Better analytics and modeling can include the benefits and costs of resources on the distribution system in the IRP analysis, Aggarwal said. The system cannot be optimized with an IRP analysis that disadvantages new DERs and other new technologies.

A few specific shortcomings in the IRP and COSR processes disadvantage DERs, according to Karl Rabago, a former Texas regulator who is now executive director of the Pace Energy and Climate Center and a frequent rate case expert witness.

The COSR “retrospective” analysis fails to consider long term benefits available to new technologies, Rabago emailed Utility Dive. At a higher level, it biases utilities against customer-owed resources on the distribution system through its limitation on utility earnings to capital expenditures.

Rabago called this the “you have to spend capital in order to earn” bias.

“On the customer side, there is another huge gotcha,” he added. “It is ‘thanks for investing in DER, but since our sales went down, your rates are going up!'”

Where the two-step works
Traditonal COSR and ratemaking work for utilities that keep the projected values of distributed technologies out of the process.

APS’s Snook said COSR “fully values DERs by permitting customers to reduce their electricity bills with DERs by the amount of grid costs that they save.” This calculation is made in a separate DER valuation process.

Arizona regulators have explicitly rejected ratemaking based on the projections used in IRPs and ruled rates must be based on a retrospective analysis of “measurable data,” Snook said. “Basing rates on actual data protects customers by ensuring that they only pay for costs actually incurred.”

The process also works in disputes, like those over net energy metering for solar, in which conflicting cost-benefit analyses incline regulators to rely on traditional COSR analyses.

Brattle Group Principal Ahmad Faruqui, a frequent rate case expert witness, said advocates for new technologies “become frustrated if rates don’t help them.” Aside from the temporary retail electricity rate compensation for solar generation through net energy metering, “rates have generally not been built to encourage technologies,” Faruqui said.

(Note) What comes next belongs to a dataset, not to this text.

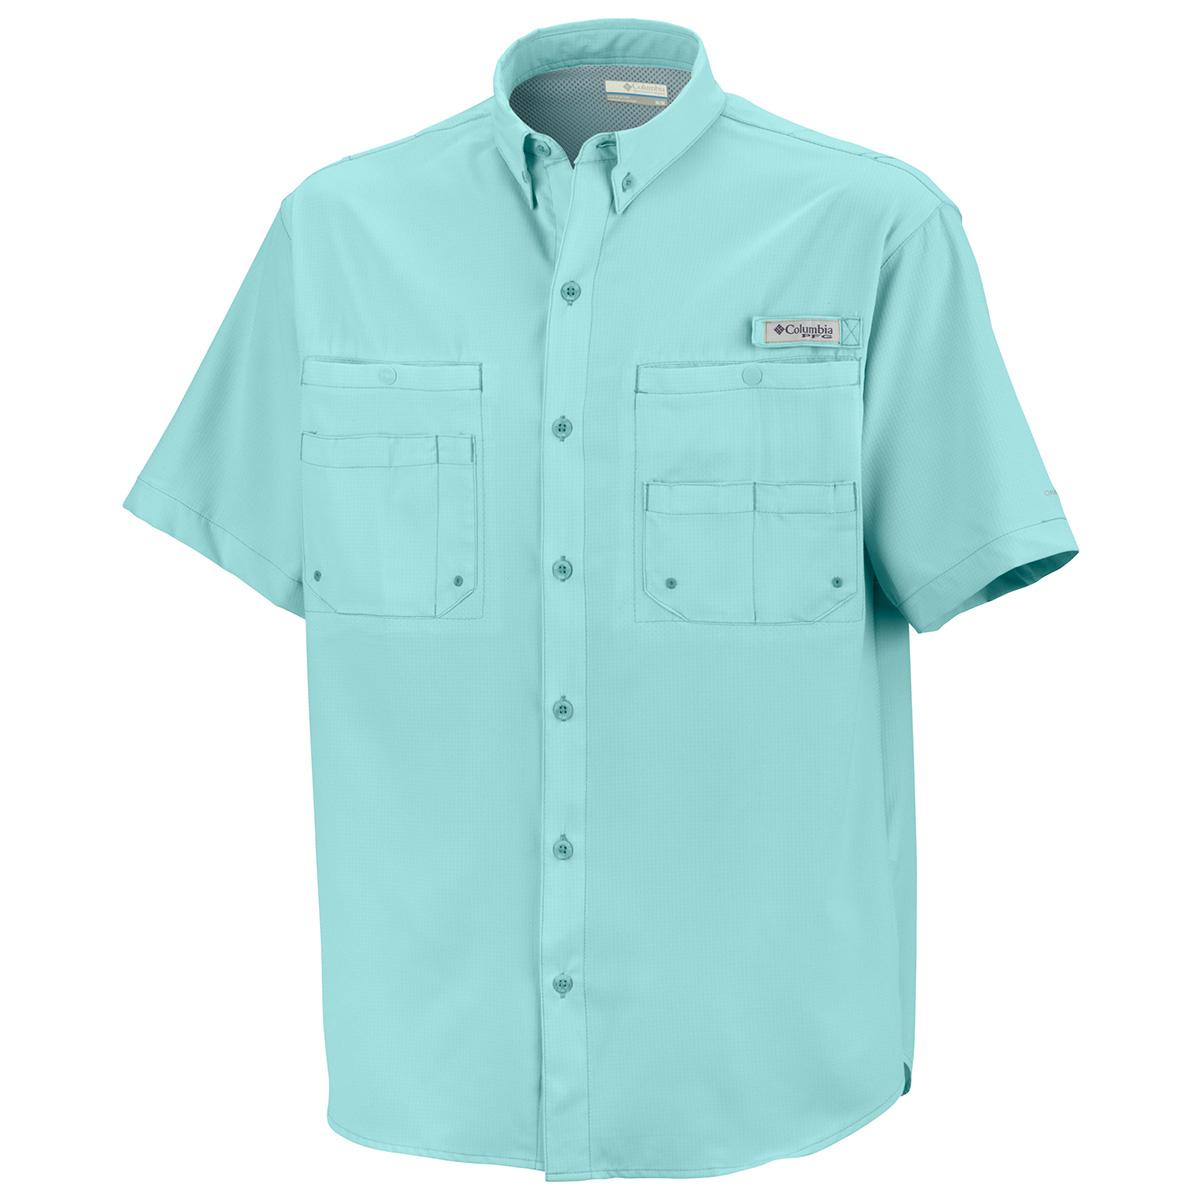 Columbia tamiami ii ss shirt fishing shirts ebay for Pfg fishing shirts

In the IRP, “we need to include all technologies, with their costs and benefits, to have a level playing field,” he added. “Rates are a separate conversation. The cost-of-service study used for ratemaking is based on well-known, traditional — and some new — principles of rate design going back to Bonbright.”

James Bonbright’s text on ratemaking remains the established ratemaking standard for electric utility commissions.

It is true that COSR does not recognize benefits like environmental costs that advocates for some new technologies want recognized, Faruqui said. But if policymakers want benefits of a technology compensated, they can provide incentives through policy mechanisms like rebates or tax credits.

The cost of those incentives must be recovered, he added. “But putting it in rates creates needless complications and subsidies. That’s just how the process works. Regulators approve the cost of those incentives in procedures outside of the ratemaking process.”

That leaves the traditional well-established, workable process in place. It begins with planning to identify the utility’s least-cost portfolio of resources, “based on their costs and benefits and other factors,” he said. “It then moves to ratemaking. It is like a flowchart.”

Beyond the two-step
The power system is transitioning from one in which utilities have forecasted their needs, proposed and built accordingly, and translated that downward to rates, Rocky Mountain Institute (RMI) Electricity Practice Manager Dan Cross-Call told Utility Dive.